» **Data shown**:
+ + + + + + +
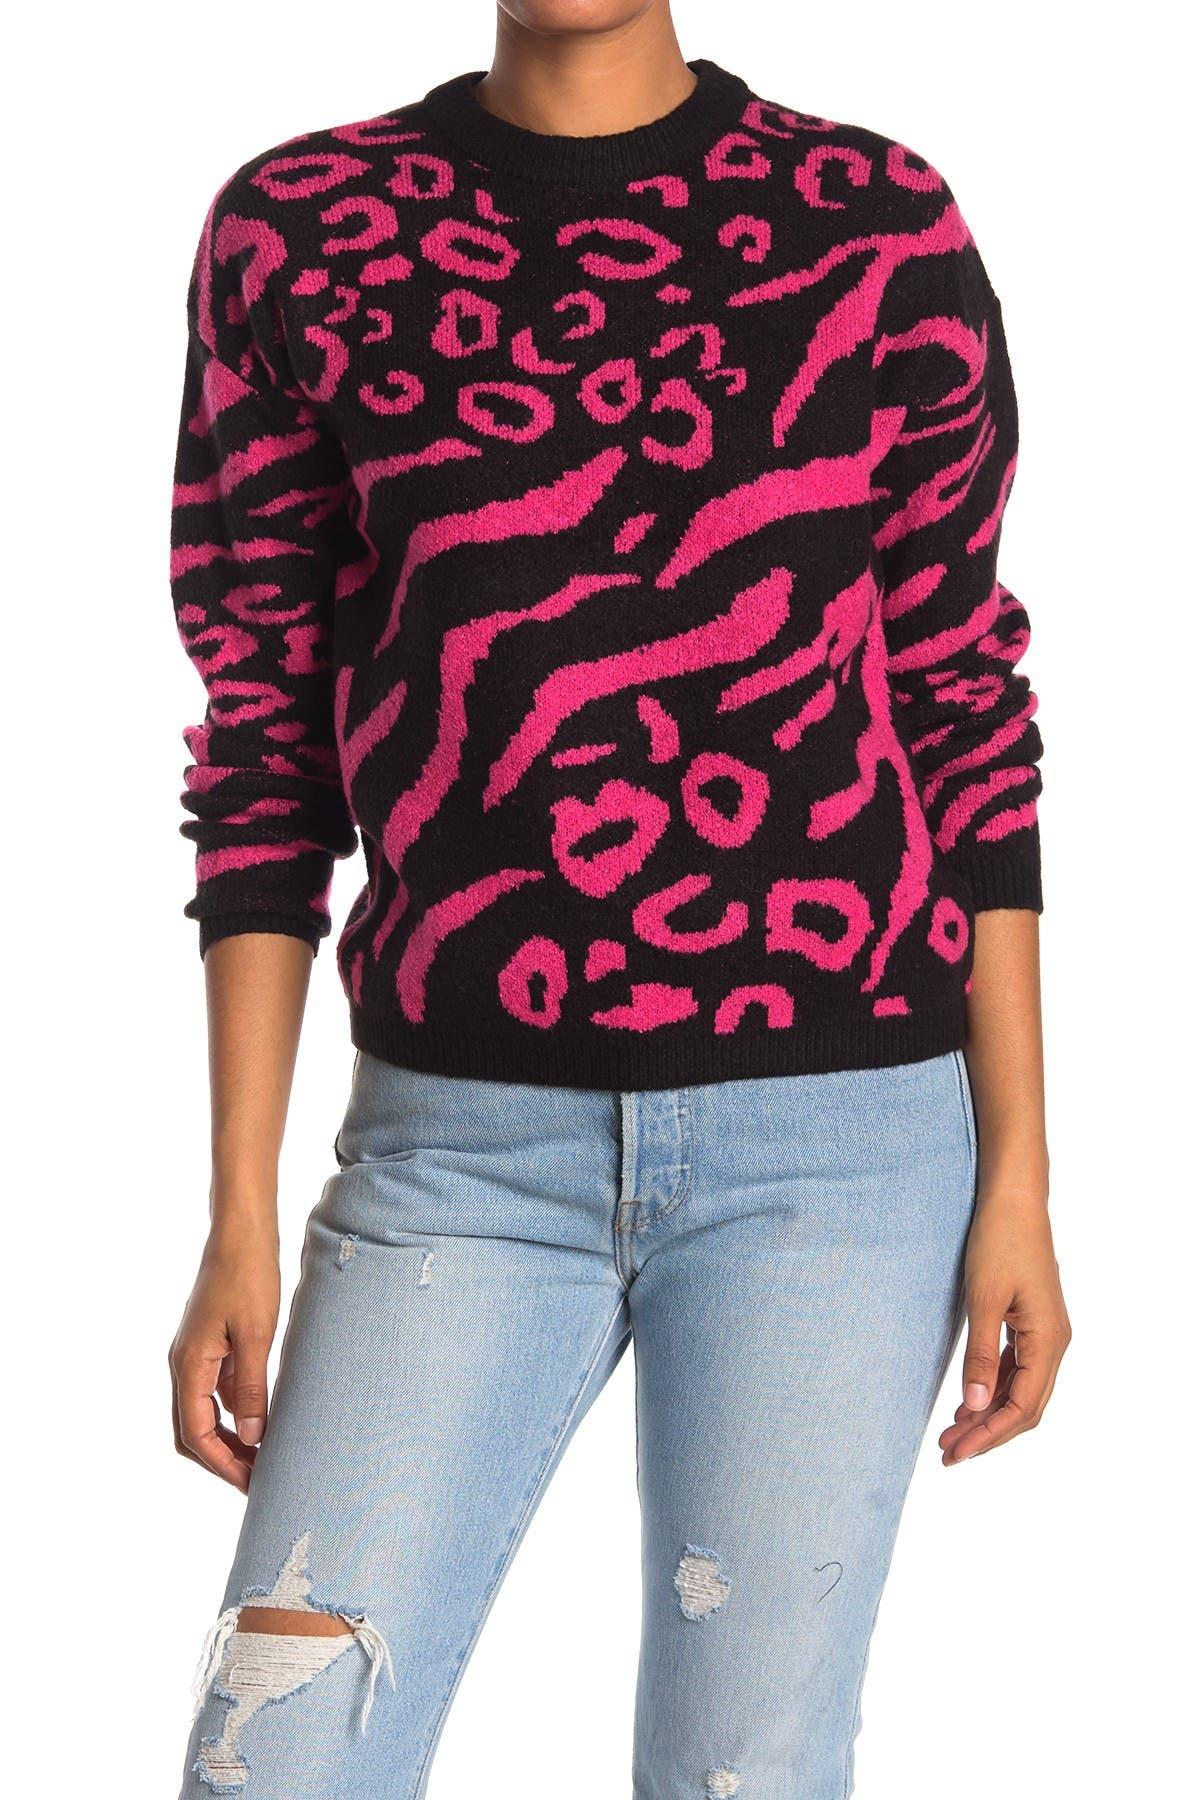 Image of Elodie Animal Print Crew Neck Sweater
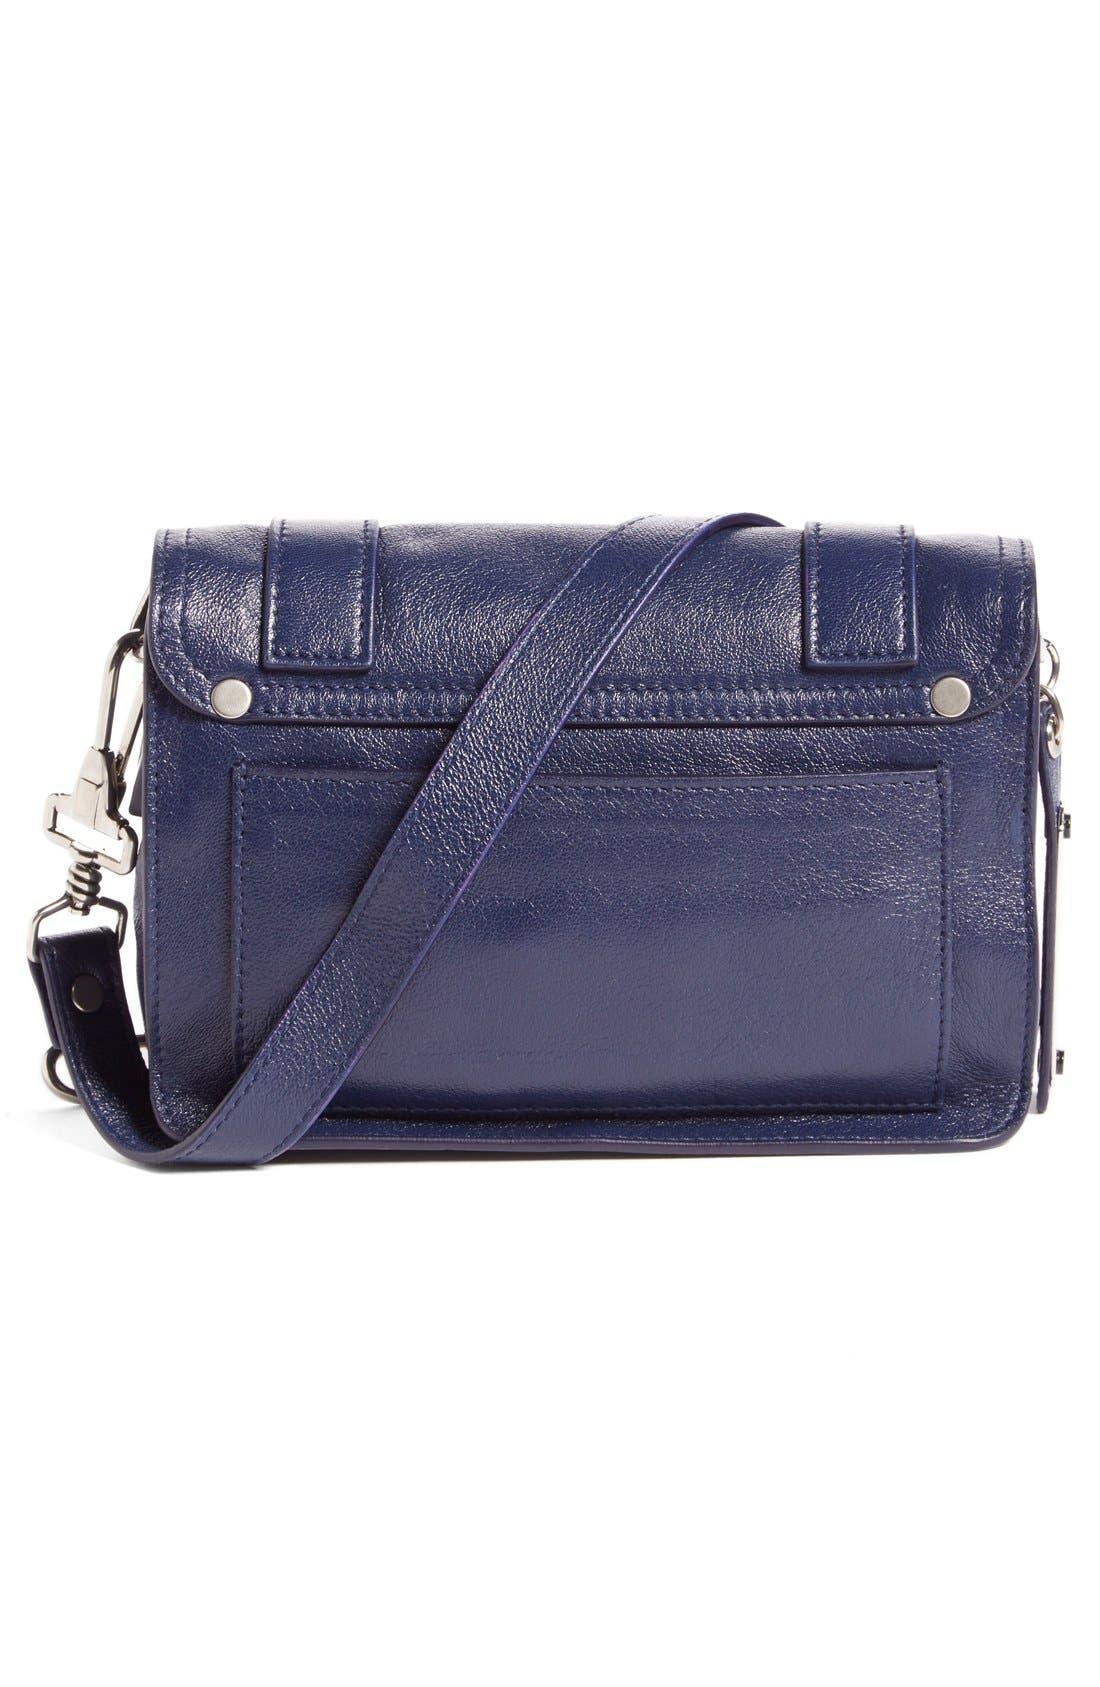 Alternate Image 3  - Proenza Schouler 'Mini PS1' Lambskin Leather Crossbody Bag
+ + + + + + +
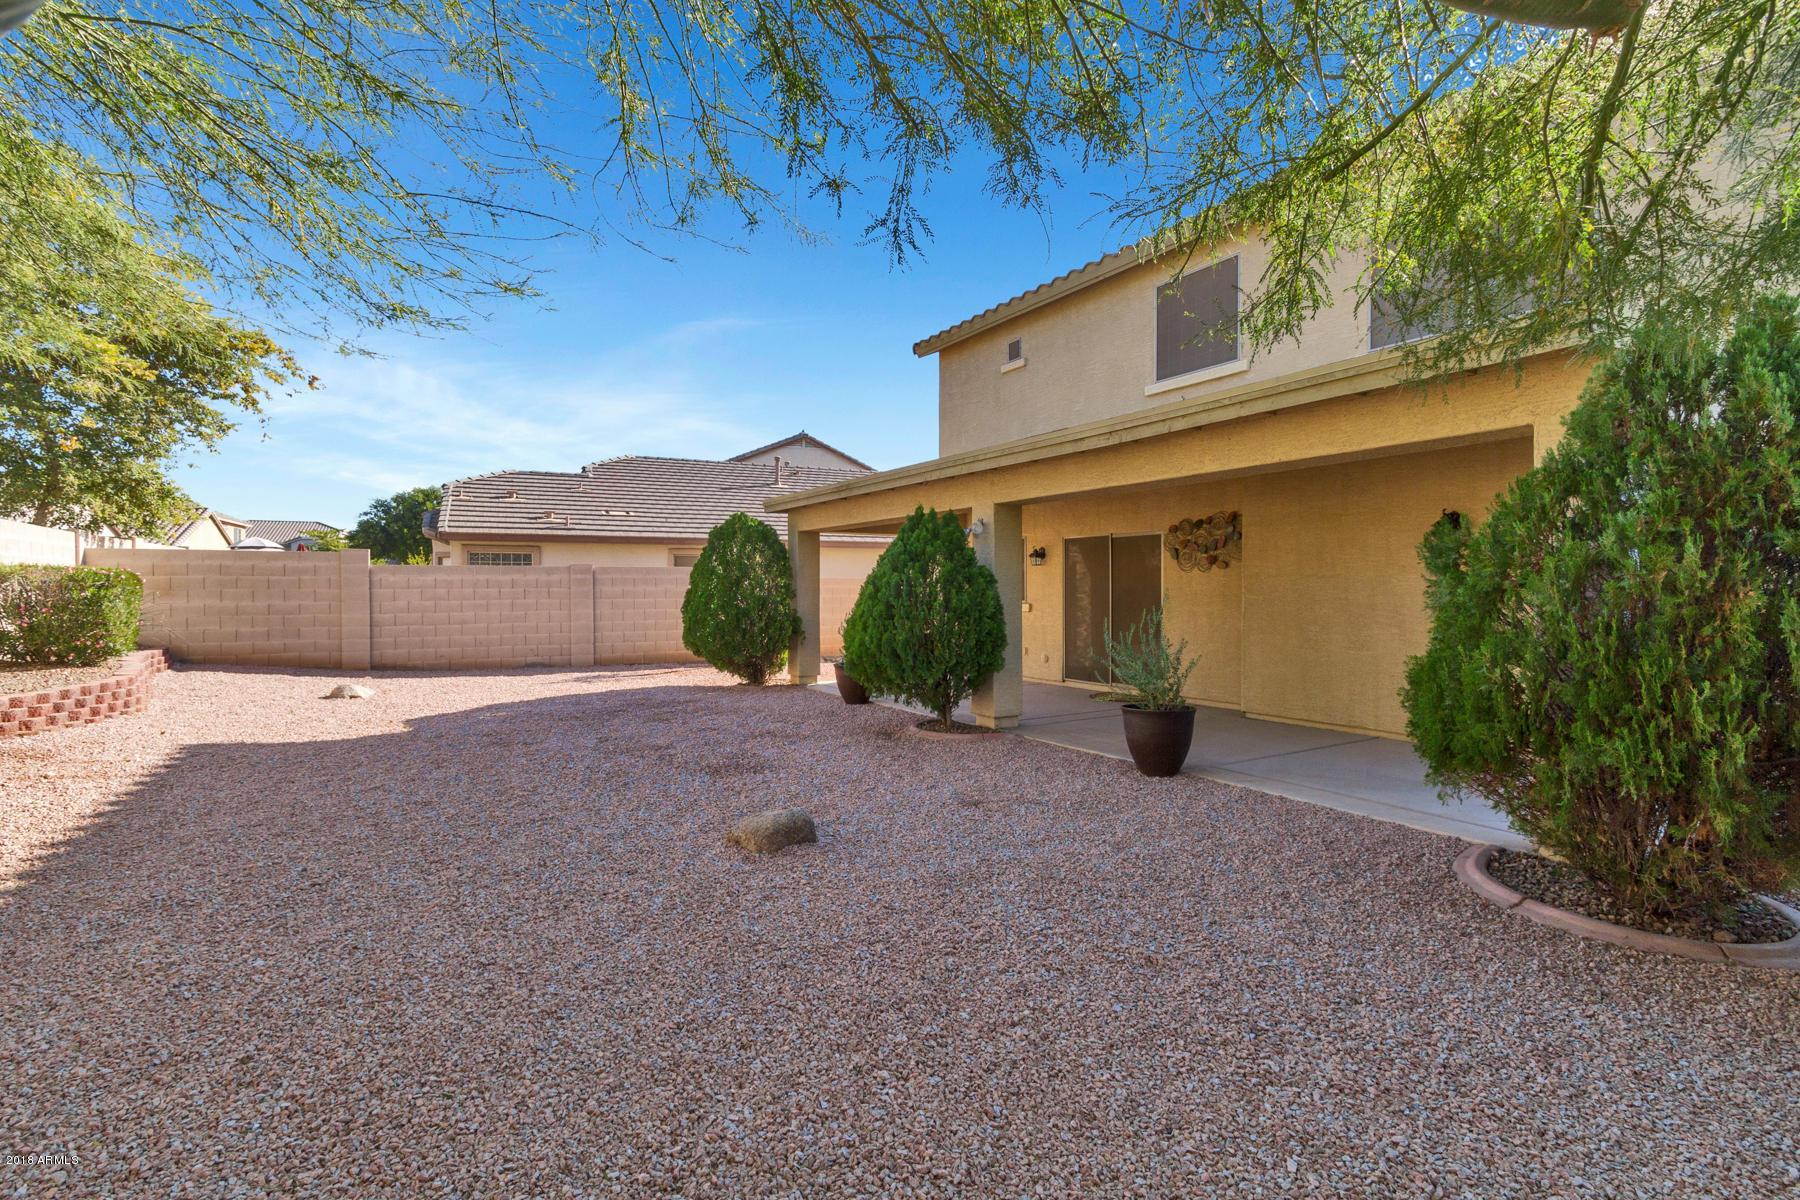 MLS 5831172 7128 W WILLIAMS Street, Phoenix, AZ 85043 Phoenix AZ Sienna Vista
+ + + + + + +
» **What is needed**: Restate word for word every line from the one with "Image of Elodie" up to and including the one with "Alternate Image 3" in the records above, minus the pictures.

» **Solution to this task**:
 Image of Elodie Animal Print Crew Neck Sweater
 Alternate Image 3  - Proenza Schouler 'Mini PS1' Lambskin Leather Crossbody Bag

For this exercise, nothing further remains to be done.